2020 年 04 月 12 日 • 经济学人,亚洲

本期经济学人杂志【亚洲】板块下这篇题为《Heels at high water: Japanese women rebel against painful dress codes》的文章关注的是日本企业对女性严厉古板的职业装要求让她们感到痛苦,一些女性站出来发起 #KuToo 运动抗议被迫穿痛苦的职业装。

The Economist, April 11th-17th 2020.

衡量女性平等度的经济学人杂志“玻璃天花板指数”显示,在 29 个富裕国家中日本女性平等度很低,列倒数第二(下图)。

有调查显示,超过 60% 的日本职场女性自己或目睹同事被迫穿高跟鞋,有些甚至要求鞋跟高 5 公分。许多日企对女性外表的要求严格且死板,有的企业不允许女性员工佩戴有形眼镜,认为这有损形象,这一规定对那些佩戴隐形眼镜不舒服的女性员工尤其不合理。

即使穿高跟鞋等严格的着装会使女性感觉痛苦,但日本女性总是被要求遵守公司着装要求。但有位名叫 Yumi Ishikawa 的日本女子发起了反对穿高跟鞋的 #KuToo 运动(注一),并发起请愿希望政府禁止企业要求女性员工穿高跟鞋。目前日本政府尚未对此做出正式回应。

但一些日本企业逐渐对 #KuToo 运动做出了回应。3 月底,日本航空公司宣布将采用的新制服,允许女性空乘人员不穿高跟鞋和短裙,引入裤装制服等。日本三大手机运营商也都放宽了对高跟鞋的规定。

注一: #KuToo:ku 在日语中有双关含义,“鞋子” (kutsu 靴) 和“痛苦” (kutsuu 苦痛)。


Japanese women rebel against painful dress codes

Heels at high water
Japanese women rebel against painful dress codes

Some employers care more about how they look than how they feel
Apr 8th 2020 edition
Apr 8th 2020


ISHIKAWA YUMI worked eight-hour shifts as an usher in a funeral parlour, always in heels. Her employer insisted. Her toes bled. “Why do we have to hurt our feet at work, when men can wear flat shoes?” she complained on Twitter. The tweet exploded.

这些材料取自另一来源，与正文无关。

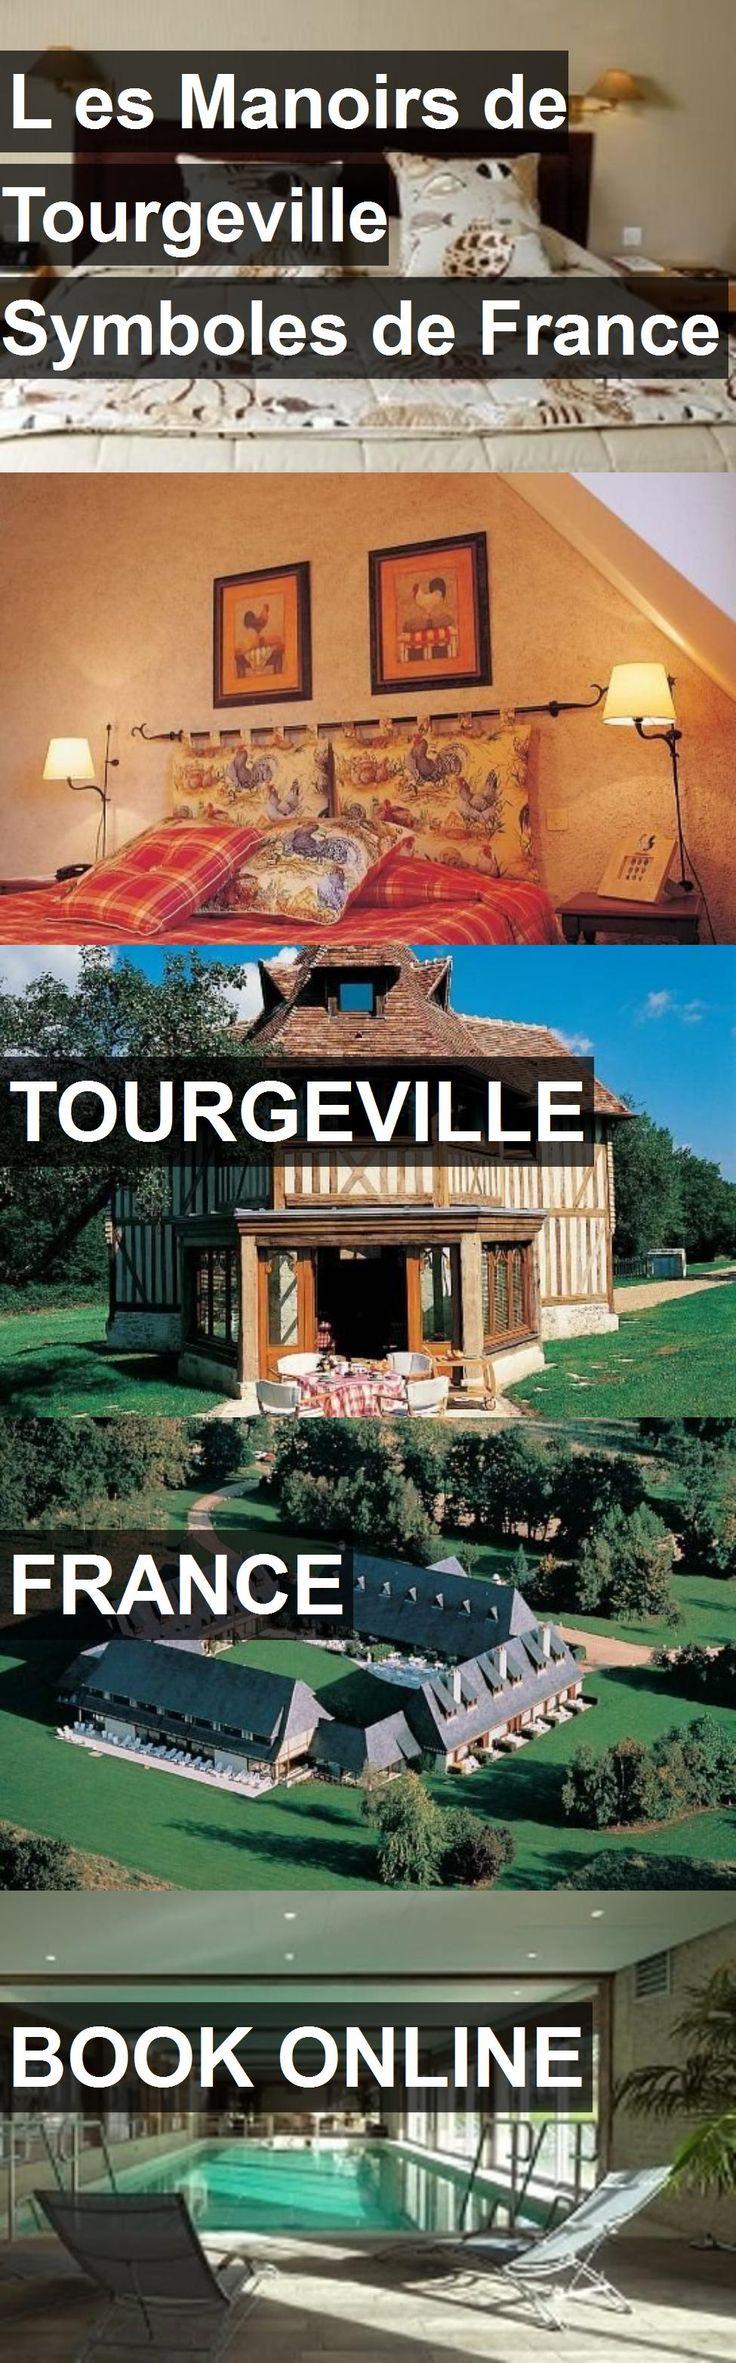 Hotel L es Manoirs de Tourgeville Symboles de France in Tourgeville, France. For more information, photos, reviews and best prices please follow the link. #France #Tourgeville #hotel #travel #vacation

Encouraged, she gathered 18,800 signatures on a petition calling for a ban on employers requiring women to wear high heels, which she submitted to the government last June. Ms Ishikawa became the face of the #KuToo campaign—a pun on Japanese words for shoes (kutsu) and pain (kutsuu), with a nod to the #MeToo movement.

More than 60% of Japanese women with jobs have been forced to squeeze their feet into heels at work or have witnessed colleagues having to, according to a survey. Female staff at Takashimaya, a department store, must parade around the shop in 5cm heels. The former defence minister, Inada Tomomi, felt obliged to totter about in heels even on the deck of a visiting American aircraft carrier.

Dress codes at many Japanese firms are rigid. Some ban glasses for women (but not men), on the grounds that they are unflattering. This is especially unreasonable for those who find contact lenses uncomfortable. “Women have always been told to follow the dress code, even if it causes pain,” says Ms Ishikawa. Japanese bosses, who tend to be older men, often expect their female underlings to gaman (endure it).

The government has dug in its heels. A former labour minister, who received Ms Ishikawa’s petition last year, insists that wearing high heels at work is “necessary and appropriate”. The petition itself has received no official response to date. Japan ranks the second lowest out of the 29 rich countries in The Economist’s glass-ceiling index, which measures equality for women in the workplace.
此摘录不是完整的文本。